▶ Dataset excerpt
[Start of Attachment]

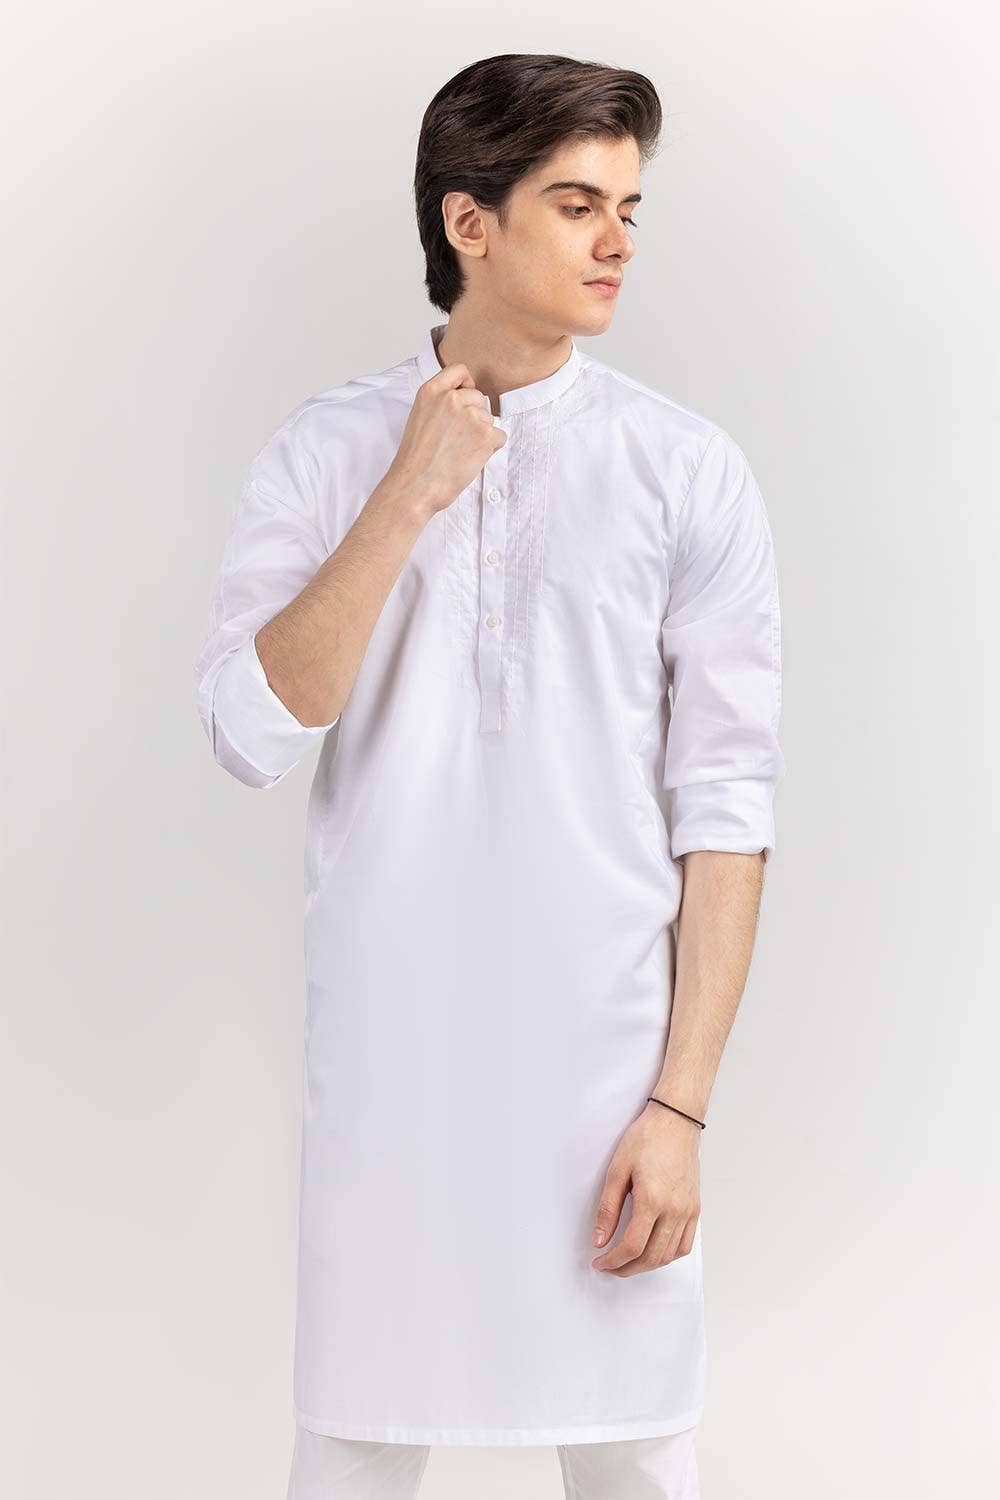 Gul Ahmed Ready to Wear White Basic Kurta KR-EMB22-007
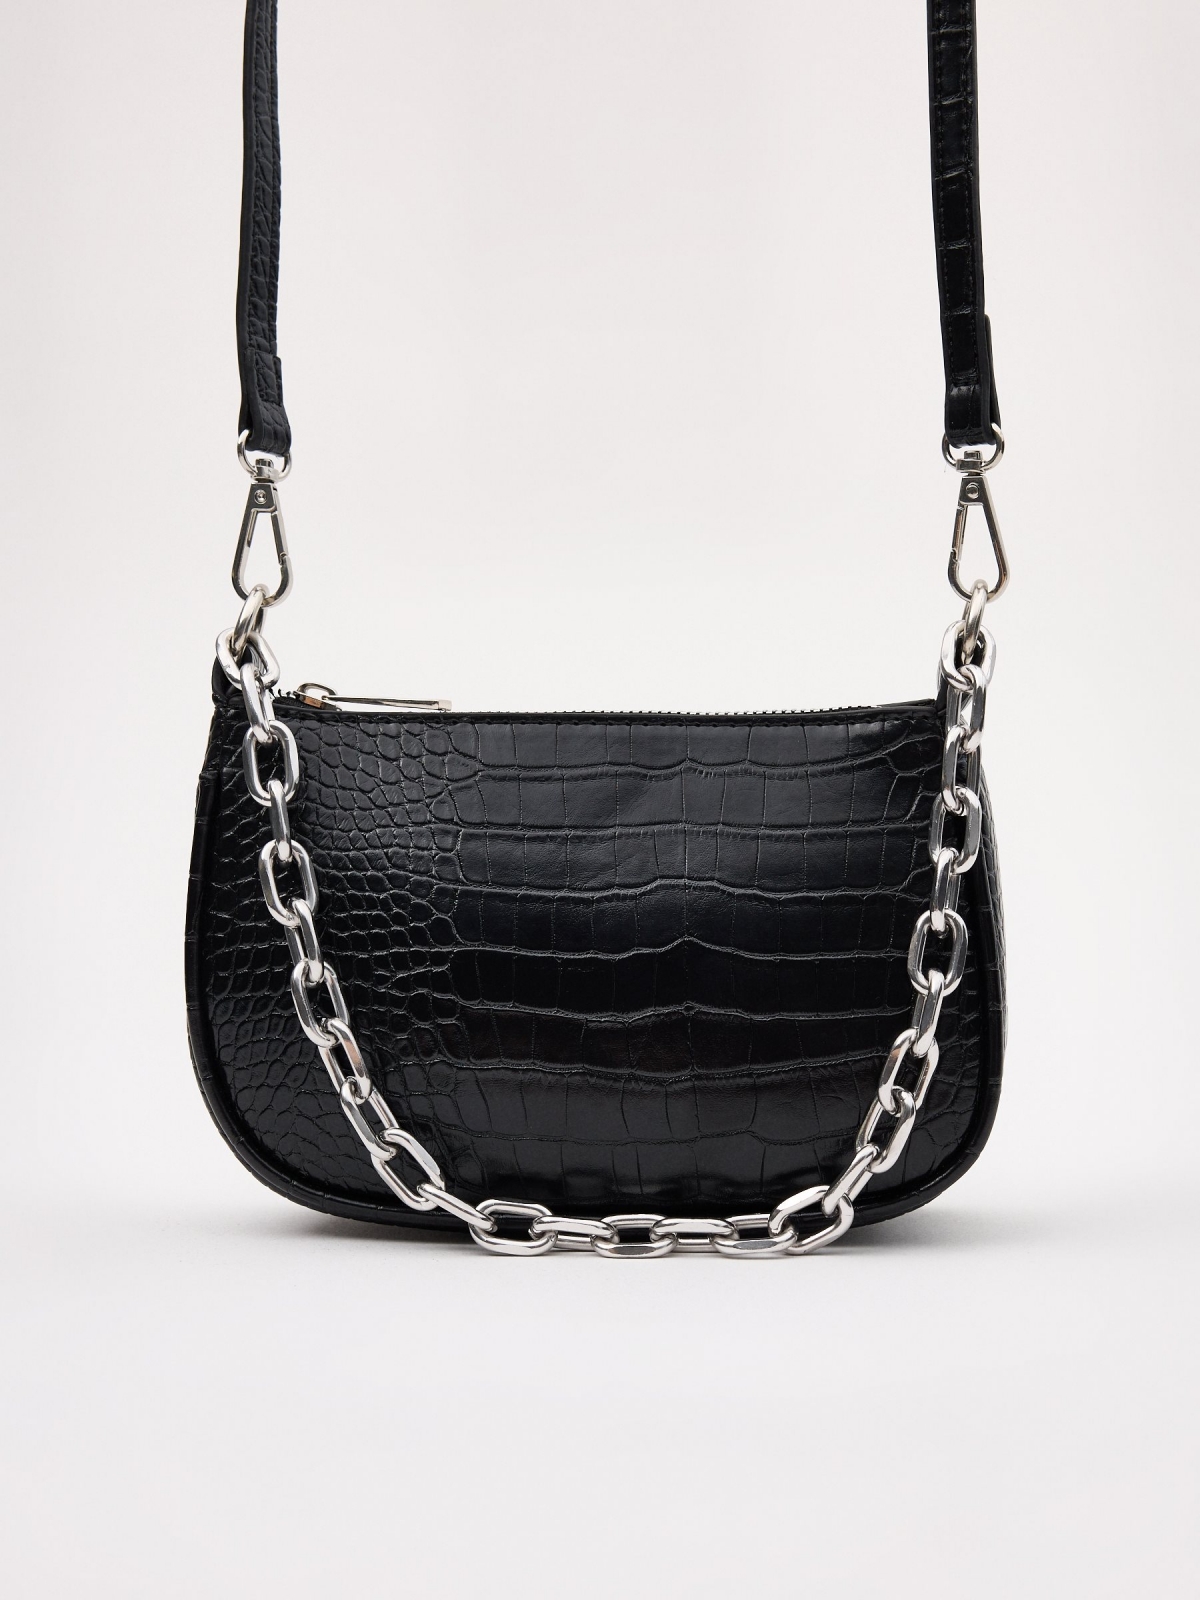 Black leather effect bag black detail view
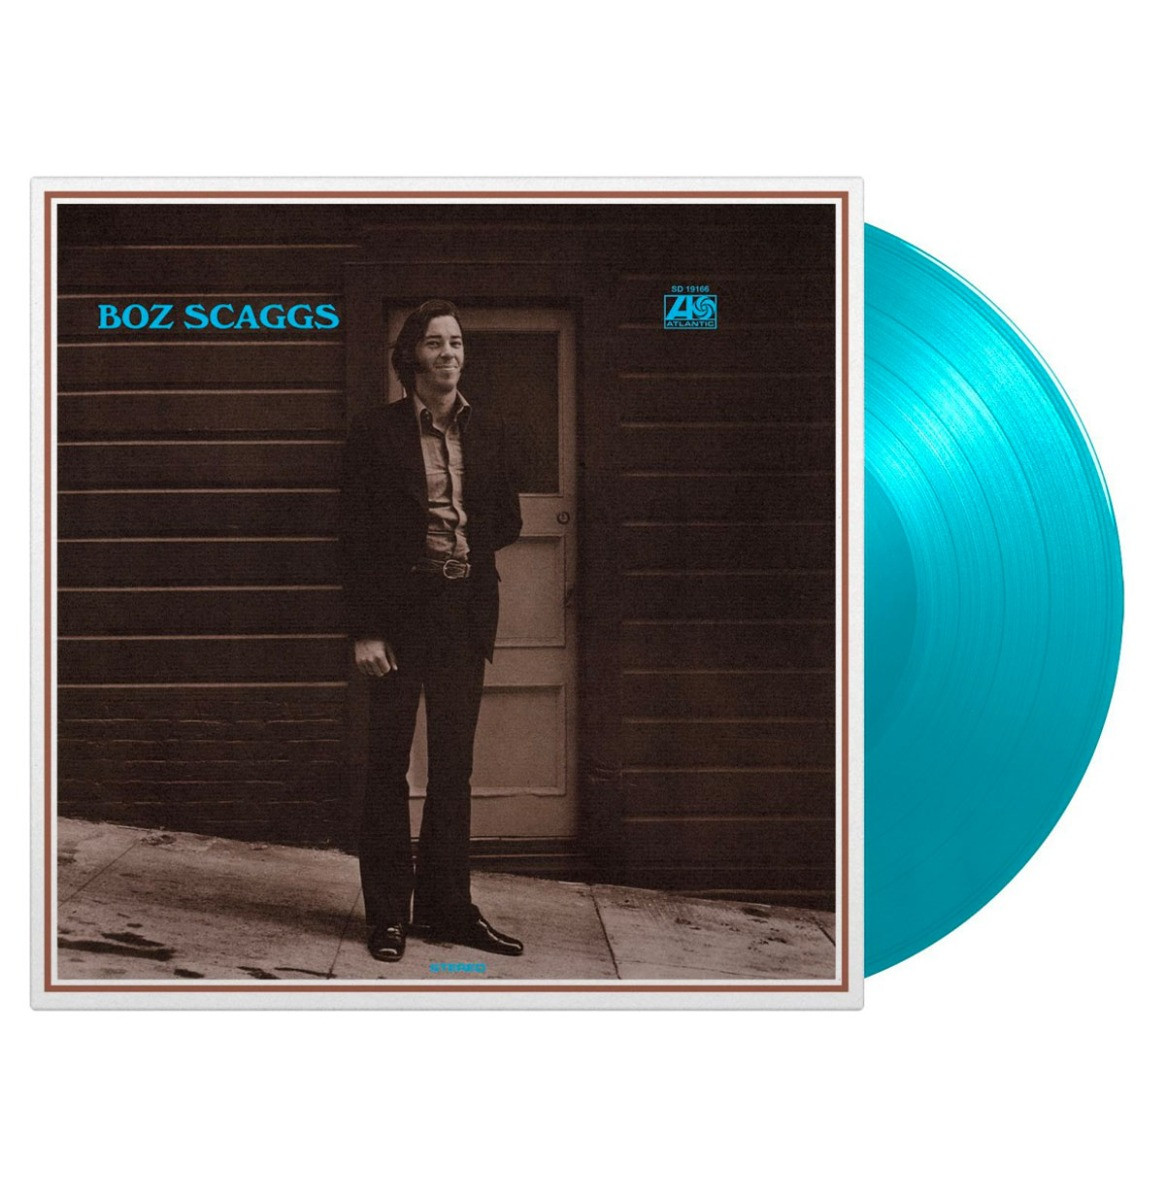 Boz Scaggs - Boz Scaggs (Gekleurd Vinyl) LP
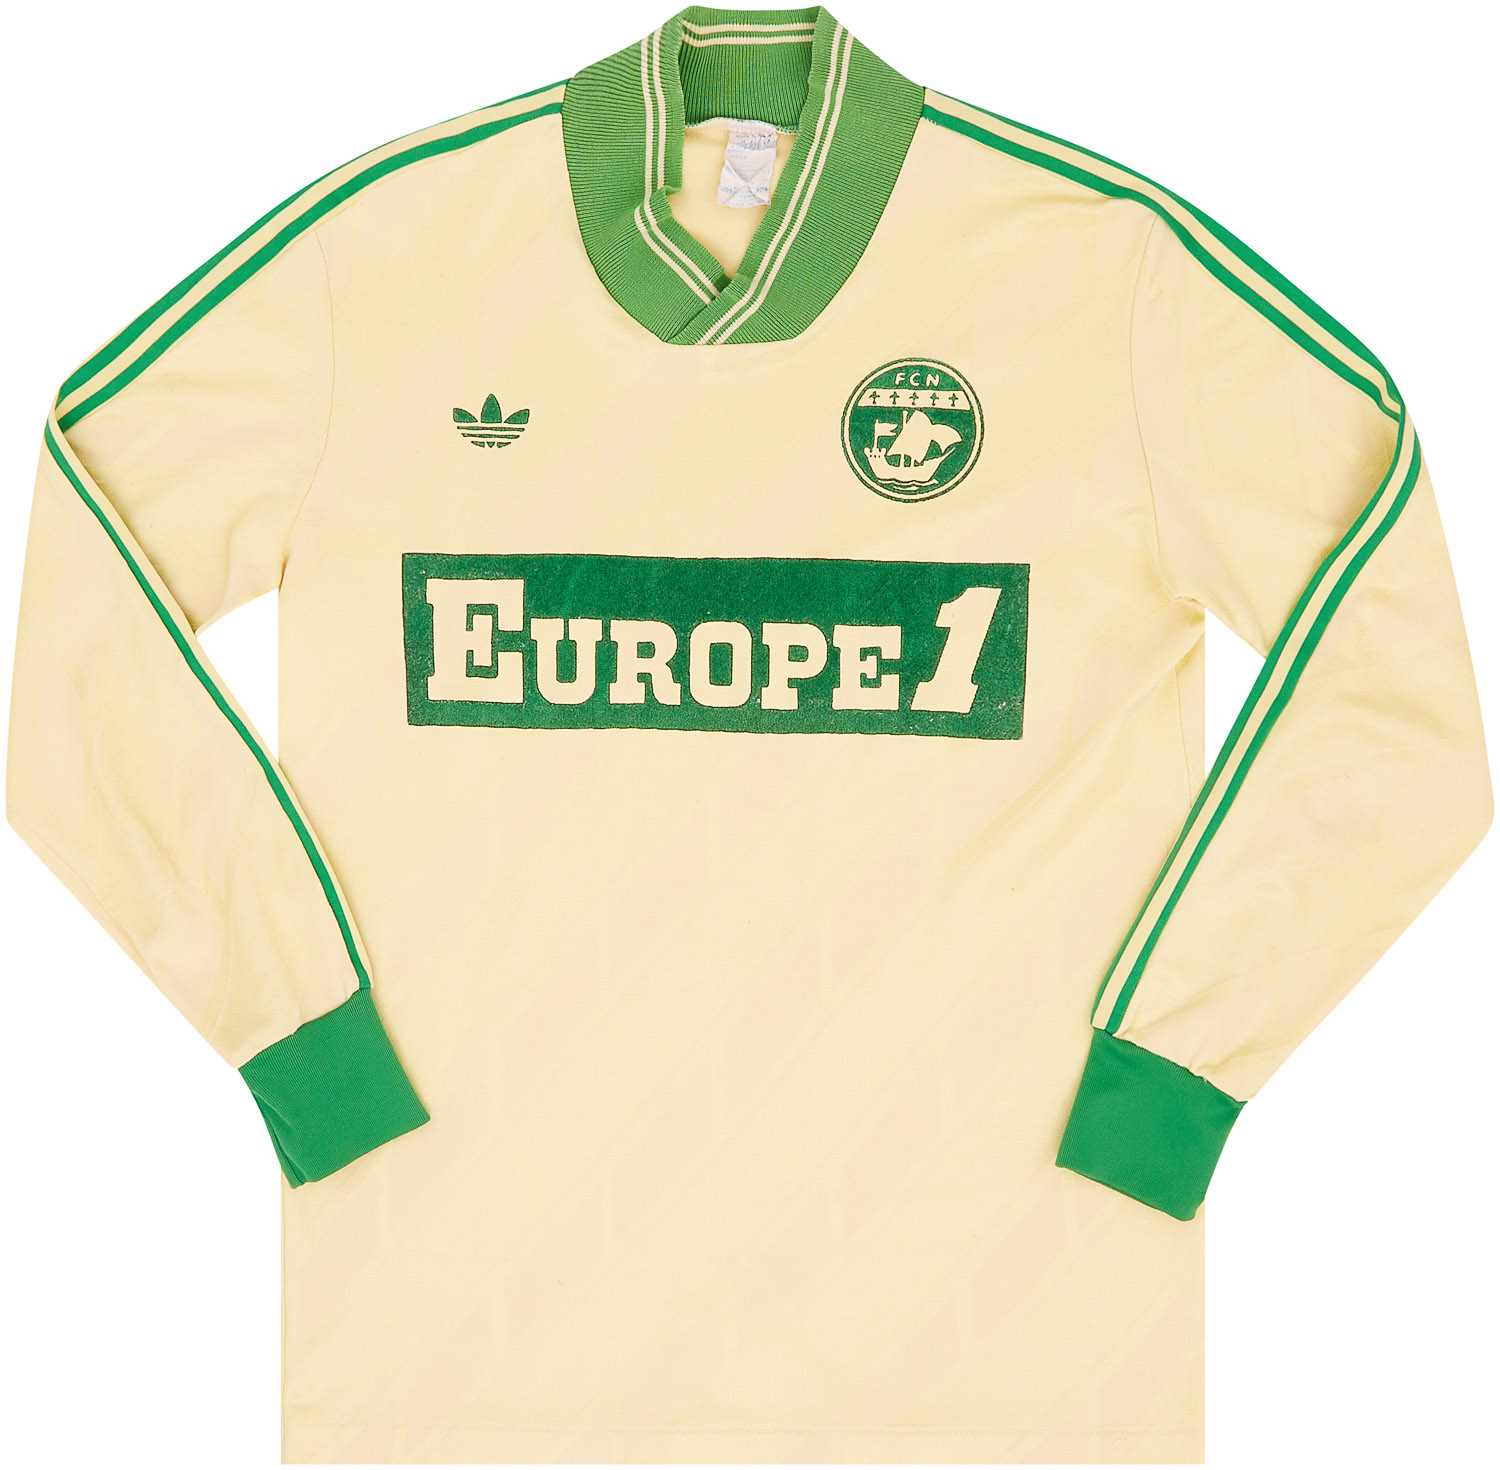 1987-88 Nantes Home Shirt - Very Good 6/10 - ()

[End of Attachment]

▶ Exercise instructions
Copy nothing but the lines from the line that contains "Boz Scaggs - Boz Scaggs (Gekleurd Vinyl) LP" through the end of the listing, exactly, and keep pictures out of it.

▶ Answer box
 Boz Scaggs - Boz Scaggs (Gekleurd Vinyl) LP
 1987-88 Nantes Home Shirt - Very Good 6/10 - ()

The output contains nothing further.